▶ _Task description_:
Of all the lines below, output only those starting at the one with "Saint Laurent Loulou" and ending at the one with "Seville Soft Blue", both ends included, exactly as written.

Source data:
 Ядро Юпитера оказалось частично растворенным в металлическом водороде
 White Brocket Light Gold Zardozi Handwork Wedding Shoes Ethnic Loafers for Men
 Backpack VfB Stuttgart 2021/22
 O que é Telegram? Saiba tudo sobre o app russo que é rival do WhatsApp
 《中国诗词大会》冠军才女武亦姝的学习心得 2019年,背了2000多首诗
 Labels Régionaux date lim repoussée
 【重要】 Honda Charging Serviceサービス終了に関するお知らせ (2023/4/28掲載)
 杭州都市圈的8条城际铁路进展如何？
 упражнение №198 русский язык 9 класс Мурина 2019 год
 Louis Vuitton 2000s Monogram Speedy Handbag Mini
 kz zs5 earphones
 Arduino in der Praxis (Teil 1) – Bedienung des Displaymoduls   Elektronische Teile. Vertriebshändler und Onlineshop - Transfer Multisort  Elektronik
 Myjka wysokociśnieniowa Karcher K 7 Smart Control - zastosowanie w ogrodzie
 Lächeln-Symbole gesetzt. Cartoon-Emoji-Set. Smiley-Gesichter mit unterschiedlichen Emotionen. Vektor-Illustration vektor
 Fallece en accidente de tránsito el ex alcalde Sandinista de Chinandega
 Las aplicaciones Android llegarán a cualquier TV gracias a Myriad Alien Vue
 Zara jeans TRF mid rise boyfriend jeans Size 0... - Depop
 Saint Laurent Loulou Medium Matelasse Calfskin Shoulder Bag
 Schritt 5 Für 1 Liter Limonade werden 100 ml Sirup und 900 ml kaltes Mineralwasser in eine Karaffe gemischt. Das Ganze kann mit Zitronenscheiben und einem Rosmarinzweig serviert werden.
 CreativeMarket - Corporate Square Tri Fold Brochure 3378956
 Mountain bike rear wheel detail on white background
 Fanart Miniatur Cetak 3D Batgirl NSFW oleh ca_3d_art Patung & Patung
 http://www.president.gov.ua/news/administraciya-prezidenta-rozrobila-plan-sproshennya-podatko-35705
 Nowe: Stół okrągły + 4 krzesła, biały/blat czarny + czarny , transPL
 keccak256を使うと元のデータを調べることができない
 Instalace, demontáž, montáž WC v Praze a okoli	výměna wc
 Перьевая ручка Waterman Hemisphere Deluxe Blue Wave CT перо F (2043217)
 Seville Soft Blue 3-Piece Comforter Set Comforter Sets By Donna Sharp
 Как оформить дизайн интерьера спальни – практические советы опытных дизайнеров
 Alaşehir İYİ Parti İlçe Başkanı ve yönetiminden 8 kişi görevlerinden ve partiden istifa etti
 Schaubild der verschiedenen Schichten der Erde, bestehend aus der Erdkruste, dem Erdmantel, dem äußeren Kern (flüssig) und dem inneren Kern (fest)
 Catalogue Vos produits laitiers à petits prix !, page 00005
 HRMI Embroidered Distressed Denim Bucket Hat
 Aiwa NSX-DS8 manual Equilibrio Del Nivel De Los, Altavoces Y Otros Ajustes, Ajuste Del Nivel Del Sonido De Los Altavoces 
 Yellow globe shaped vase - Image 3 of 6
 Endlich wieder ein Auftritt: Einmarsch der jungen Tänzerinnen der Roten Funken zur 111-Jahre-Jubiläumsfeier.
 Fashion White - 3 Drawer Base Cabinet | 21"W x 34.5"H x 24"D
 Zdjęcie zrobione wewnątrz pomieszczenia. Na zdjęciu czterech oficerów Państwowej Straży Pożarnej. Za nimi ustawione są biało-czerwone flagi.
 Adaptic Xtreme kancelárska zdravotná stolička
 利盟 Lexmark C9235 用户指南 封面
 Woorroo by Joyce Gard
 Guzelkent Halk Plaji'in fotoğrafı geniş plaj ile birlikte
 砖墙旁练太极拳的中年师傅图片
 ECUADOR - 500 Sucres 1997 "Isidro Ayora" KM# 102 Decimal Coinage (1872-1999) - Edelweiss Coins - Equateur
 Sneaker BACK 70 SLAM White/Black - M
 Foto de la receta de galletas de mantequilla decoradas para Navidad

▶ _Result for this task_:
 Saint Laurent Loulou Medium Matelasse Calfskin Shoulder Bag
 Schritt 5 Für 1 Liter Limonade werden 100 ml Sirup und 900 ml kaltes Mineralwasser in eine Karaffe gemischt. Das Ganze kann mit Zitronenscheiben und einem Rosmarinzweig serviert werden.
 CreativeMarket - Corporate Square Tri Fold Brochure 3378956
 Mountain bike rear wheel detail on white background
 Fanart Miniatur Cetak 3D Batgirl NSFW oleh ca_3d_art Patung & Patung
 http://www.president.gov.ua/news/administraciya-prezidenta-rozrobila-plan-sproshennya-podatko-35705
 Nowe: Stół okrągły + 4 krzesła, biały/blat czarny + czarny , transPL
 keccak256を使うと元のデータを調べることができない
 Instalace, demontáž, montáž WC v Praze a okoli	výměna wc
 Перьевая ручка Waterman Hemisphere Deluxe Blue Wave CT перо F (2043217)
 Seville Soft Blue 3-Piece Comforter Set Comforter Sets By Donna Sharp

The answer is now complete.